A determination of value on October 1, 1988 based upon a highest and best use as general office use rather than as a special use for a television studio could only properly be done if on October 1, 1988 it was reasonably probable in the near future that the conversion would occur. Carol Management Corp. vBoard of Tax Review, supra, 228 Conn. 38. No such evidence has been presented to us. On the contrary, Lemp noted in his appraisal report that the subject sold just before the revaluation date of October 1, 1988 for $1,400,000, and that this price was based upon an option to purchase provision ma lease. The lease "was structured based upon the cost to convert the subject condominium unit for use as a television broadcast studio with ancillary offices." (Plaintiff's Exhibit A, p. 4).

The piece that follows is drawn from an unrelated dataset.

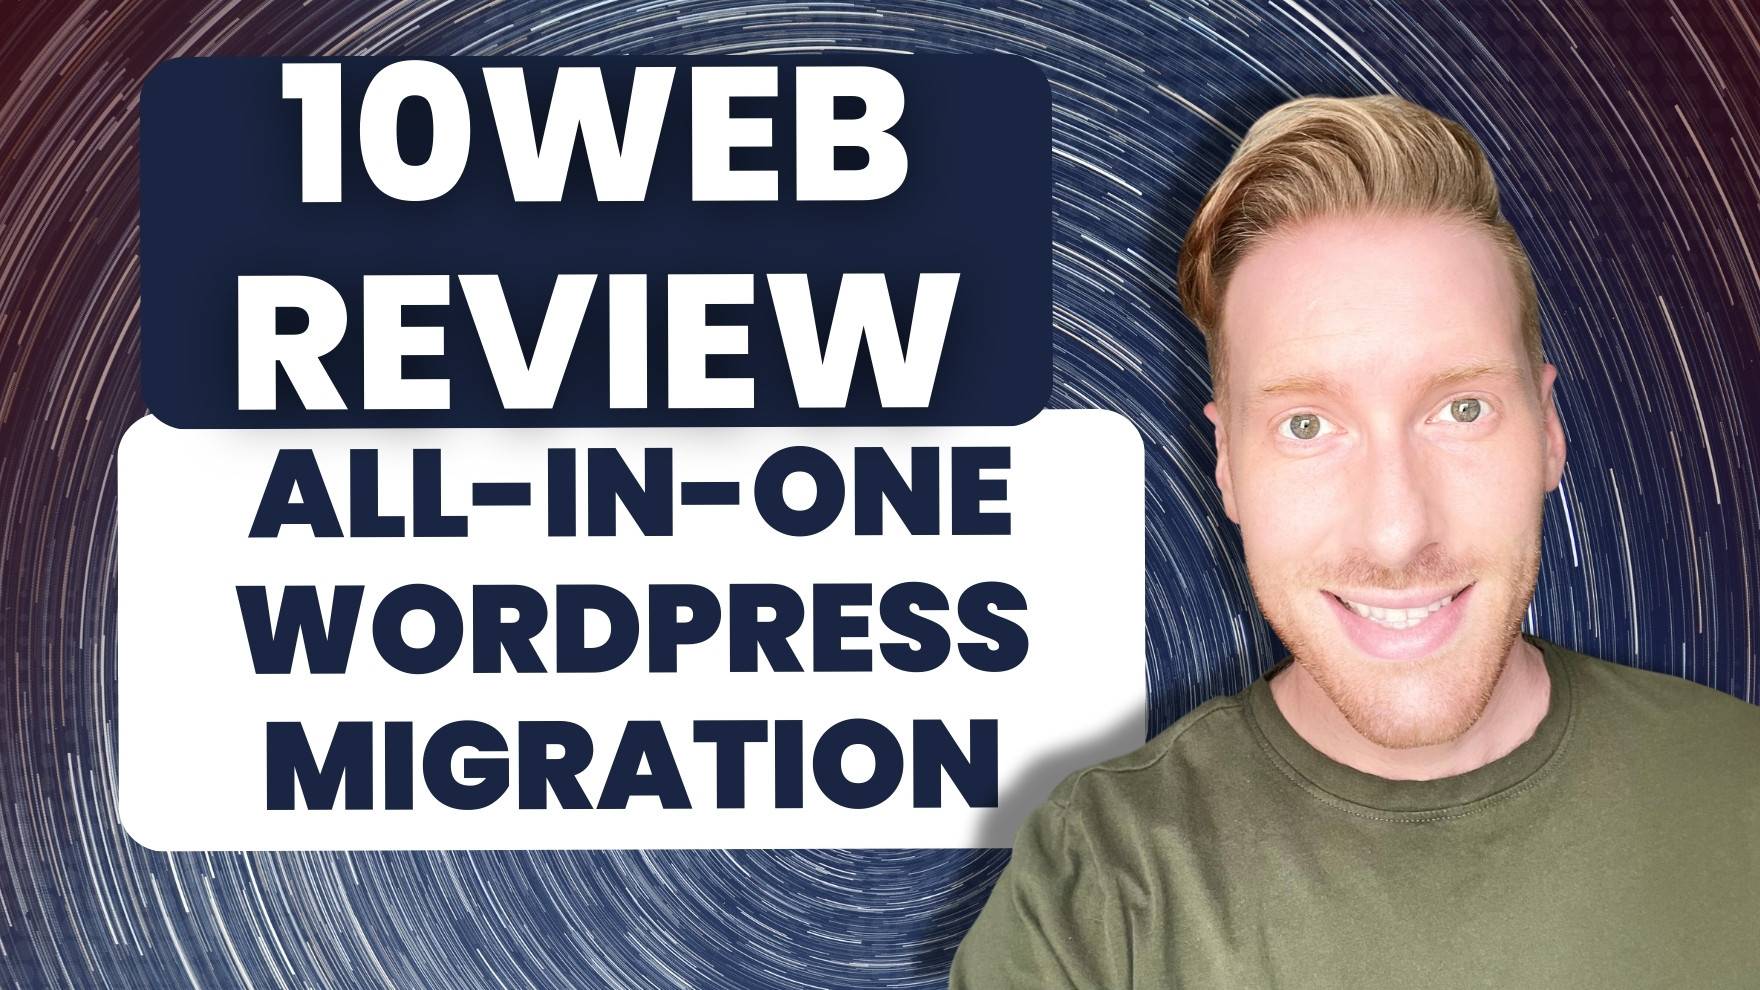 10Web Review - All in one wordpress migration

We basically have a property owner who purchased the subject condominium unit structured as a television studio and changed CT Page 13535 the use of the property with substantial renovations, and now, eight years after the revaluation date, claims that the assessor should have valued the property as of October 1, 1988 with a highest and best use as an office. While the plaintiff argues that it is not seeking an interim valuation, in actuality, it improperly seeks a reduction of the valuation of the subject unit based upon an interim change of use in 1994. We do not find either appraisers' determination of the highest and best use on October 1, 1988 to be credible. Further, it is not consistent with the above quoted definition of the highest and best use for Lemp to value the property at $815,000 based upon a highest and best use of office, when the property sold just prior to the revaluation date as a television studio with offices for $1,400,000. It appears, based upon the evidence of this sale, that the property produced a higher market value as a television studio, and it was indeed used as a television studio after the revaluation date.
"[A] request for an interim revaluation seeks a new valuation as of the present date because of altered conditions since the latest revaluation." Jupiter Realty Co. v. Board of Tax Review, supra, 242 Conn. 373. The legislature has not provided a taxpayer with the right to challenge the assessor's valuation except as to the valuation placed on the subject on the revaluation date. See id. Our Supreme Court recently held, in Desena v. Waterbury,249 Conn. 63, 85, ___ A.2d ___ (1999): "In light of the clarity of the statutory scheme . . . [for revaluation], and the amount of control the legislature has demonstrated over the revaluation framework, we conclude that the recognition of the nonstatutory special circumstances . . . that is, a substantial change in the use of the property or a decision by the taxpayer to go out of business — would not comport with the revaluation scheme established by the legislature."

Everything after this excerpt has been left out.